Go (also known as “Golang”) is an open source programming language that was designed by Google’s Robert Griesemer, Rob Pike, and Ken Thompson in 2007. The software was invented by Google to manage its growing complex infrastructure, with a focus on simplicity and quick performance (A Cloud Guru). Go was released publicly in 2012 and since then has become widely used, with companies such as Uber and Soundcloud utilizing it to improve their mobile and web-based applications. Furthermore, Go has been used to develop banking, ecommerce, and dating apps.

Pros: Go is ideal for saving money and time while developing apps. Also, it is useful in developing apps used for systems and network programming, big data, machine learning, audio and video editing. 

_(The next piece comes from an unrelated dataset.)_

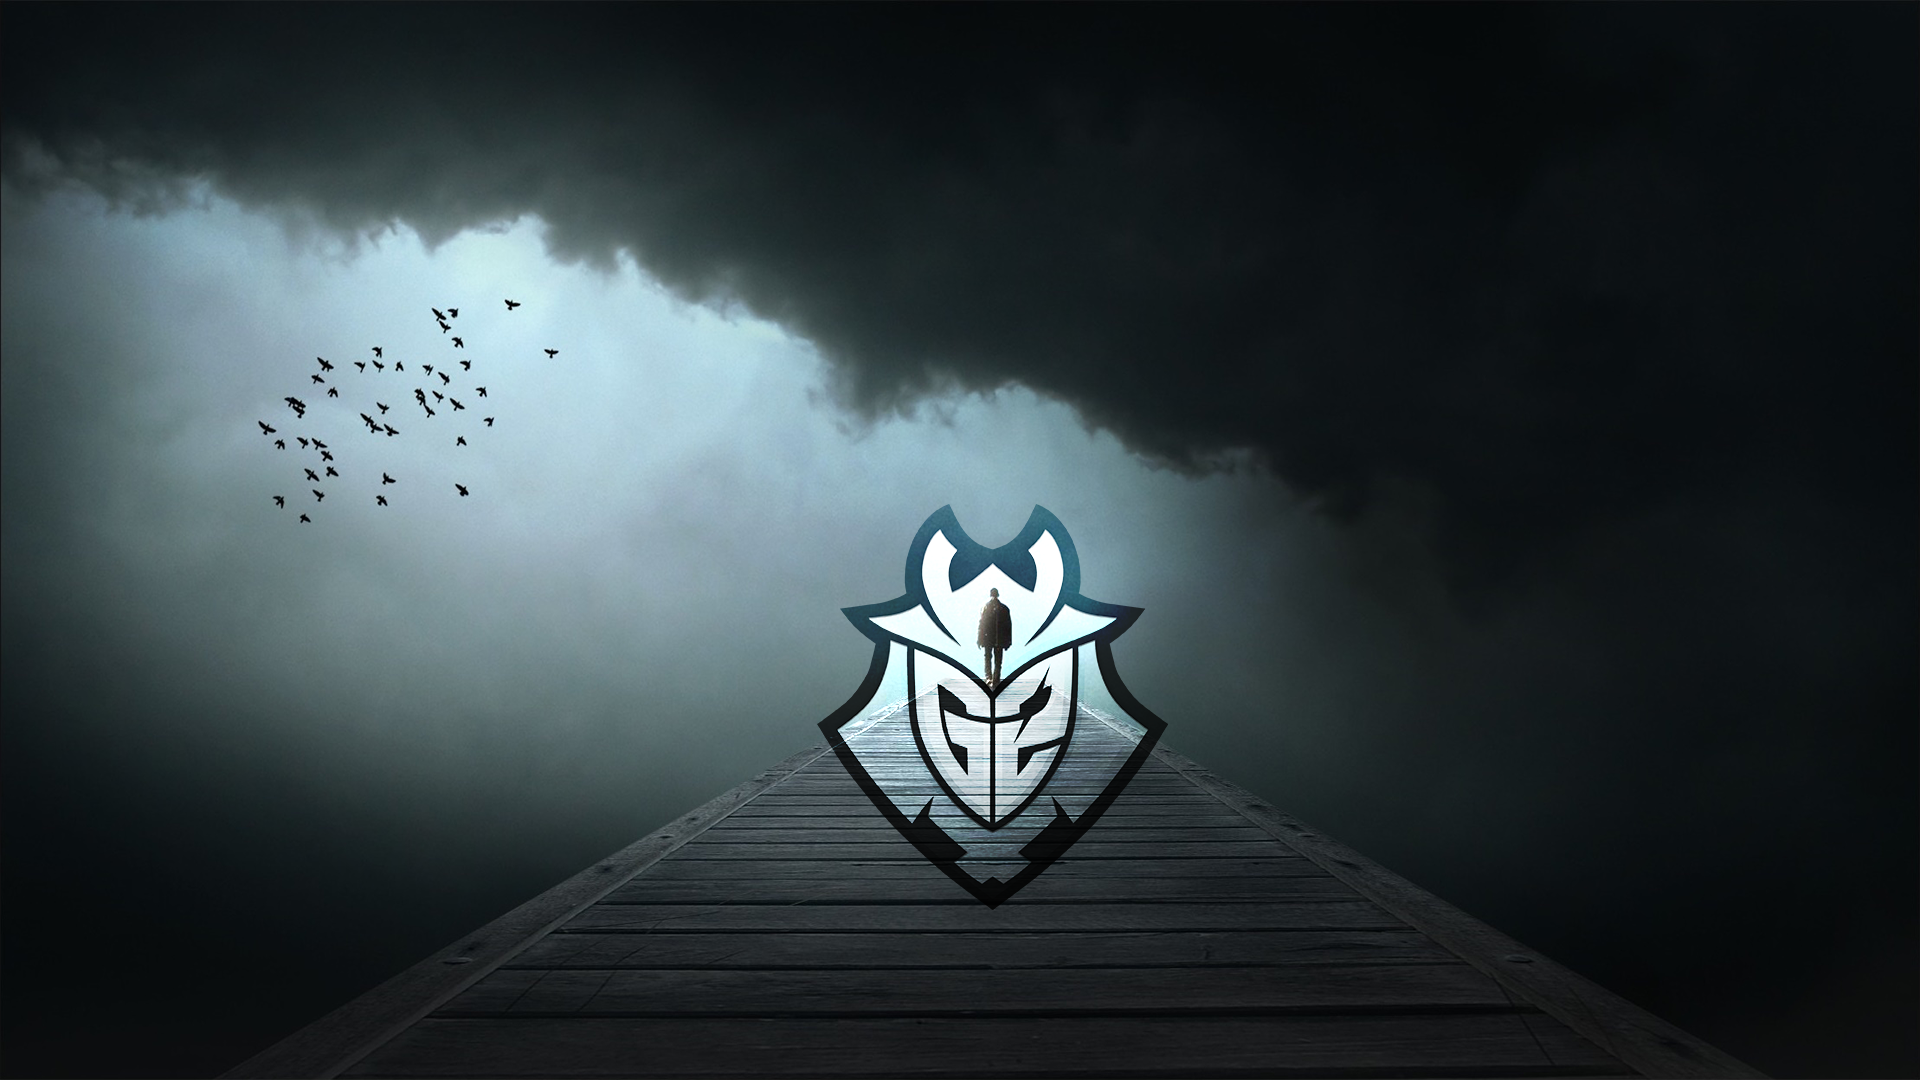 G2 Wallpapers

Cons: Due to the relative newness of the software, there are less add-on libraries or packages available. There is also less help documentation compared to more established programming languages. Finally, Go’s simplicity can lead to “undisciplined” coding, which can be detrimental if a given project grows and becomes bigger.  

Microsoft Excel

Microsoft Excel is a widely used proprietary spreadsheet software program utilized across a variety of industries. Excel is often used by analysts, surveyors, accountants, data entry clerks, marketers, and more. Excel has the ability to output data as .csv spreadsheets, which are readable by almost any other statistical analysis programming language. MS Excel is often used for tracking data for experiments, survey responses, financial information, and many other forms of data. It can be used to do tasks such as constructing pivot tables, solving systems of linear equations, and (with the right external libraries installed) generating basic linear regression models. While Microsoft Excel itself is proprietary, there are several open source alternatives, such as Google Sheets, Apache OpenOffice: Calc, and the pyspread library for Python.

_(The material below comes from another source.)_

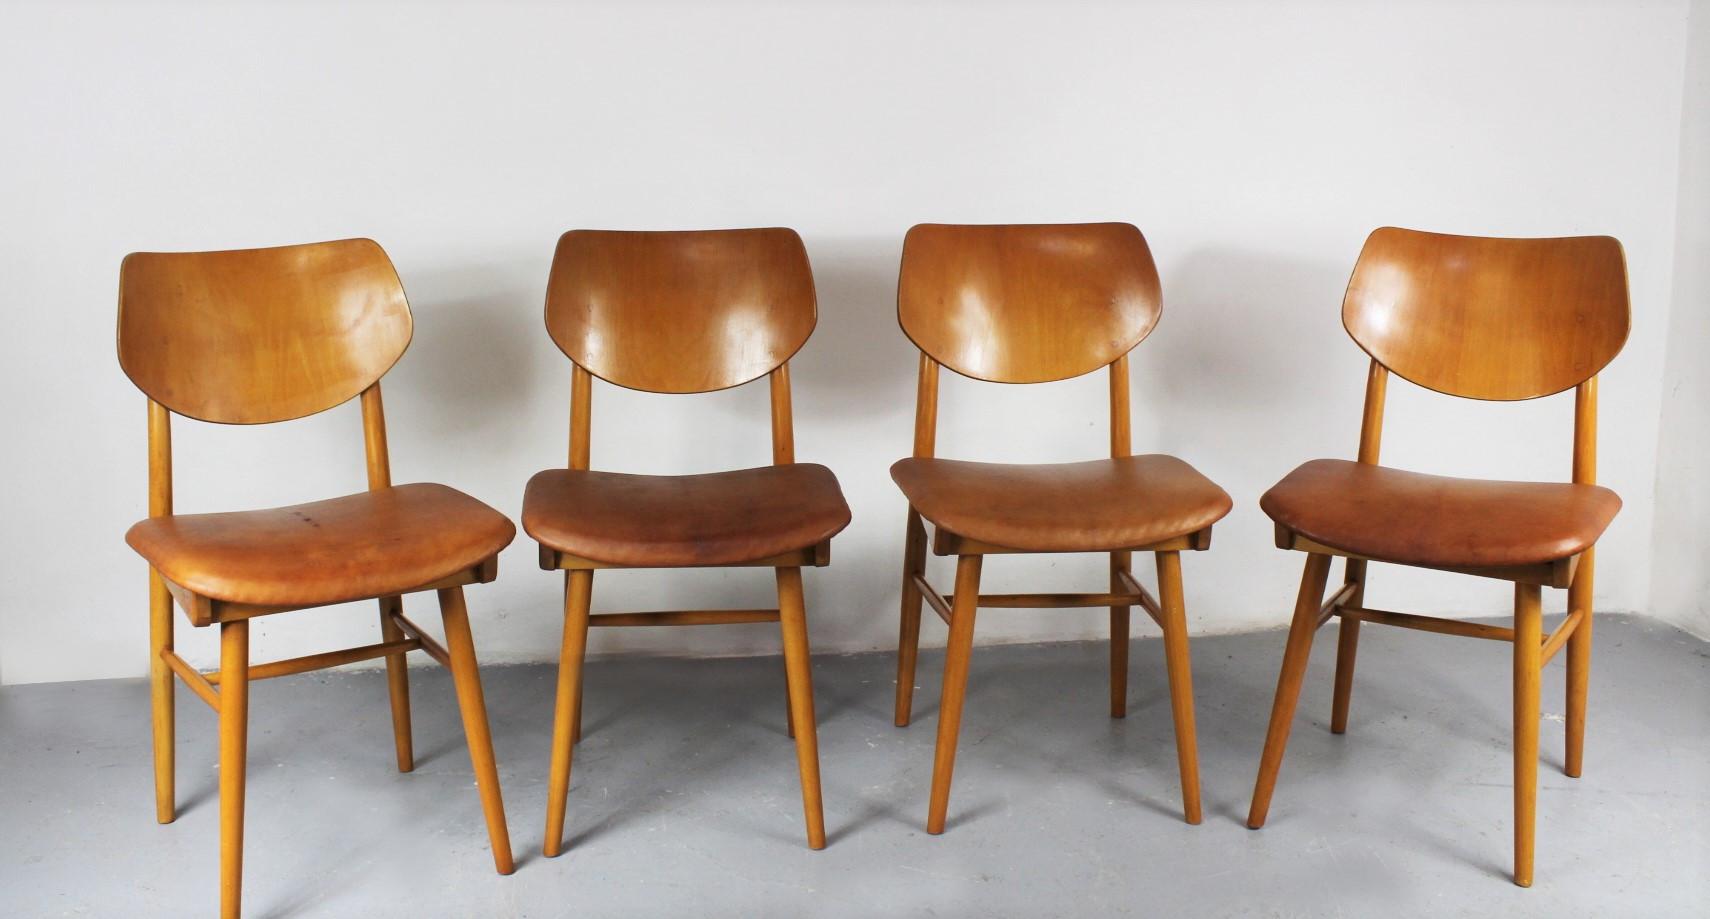 Set of four chairs from the 1960, manufactured by Ton and Jitona. The seats have been reupholstered in goat leather. Good condition, nice patina.

Pros: Microsoft Excel boasts a very intuitive interface for making data tables and has well documented formulas and syntax. It is also useful for creating usable data files for a variety of programming languages and software. Finally, Excel is ubiquitous to most computers and is used in almost every industry.

Cons: Some computers might not have Excel and need an open-source alternative. Data analysis in Excel can be clunky, and more complex analysis may be difficult, time consuming, and/or impossible. Number formatting can also be counterintuitive for non-programmers new to Excel. Furthermore, some Excel add-ins cost additional money to use. (Google Inc, n.d.; Martin Manns, n.d.; Microsoft Corporation, n.d.; The Apache Software Foundation, n.d.)

CONCLUSION

There are many different programming languages utilized across different industries, and it can be difficult to determine the best language to learn or use. One’s choice of programming language is not only determined by its functionality, but also by budgetary restraints, industry (e.g. SPSS and STATA are almost exclusively used in social sciences academia and research), and even the personal preferences of an already established team. It should also be mentioned that most professional data scientists know multiple programming languages, even if they do have personal preferences. Regardless, once you know at least one programming language and understand the fundamentals of statistical analysis, picking up additional programming languages for data science becomes a lot easier. 

RESOURCES

Thankfully, there are a number of resources available for learning a new programming language, many of which are free.  These resources include, but are not limited to:

REFERENCES

Abadi, Martin, Ashish Agarwal, Paul Barham, Eugene Brevdo, Zhifeng Chen, Craig Citro, Greg S Corrado, et al. TensorFlow: Large-Scale Machine Learning on Heterogeneous Systems, 2015. tensorflow.org.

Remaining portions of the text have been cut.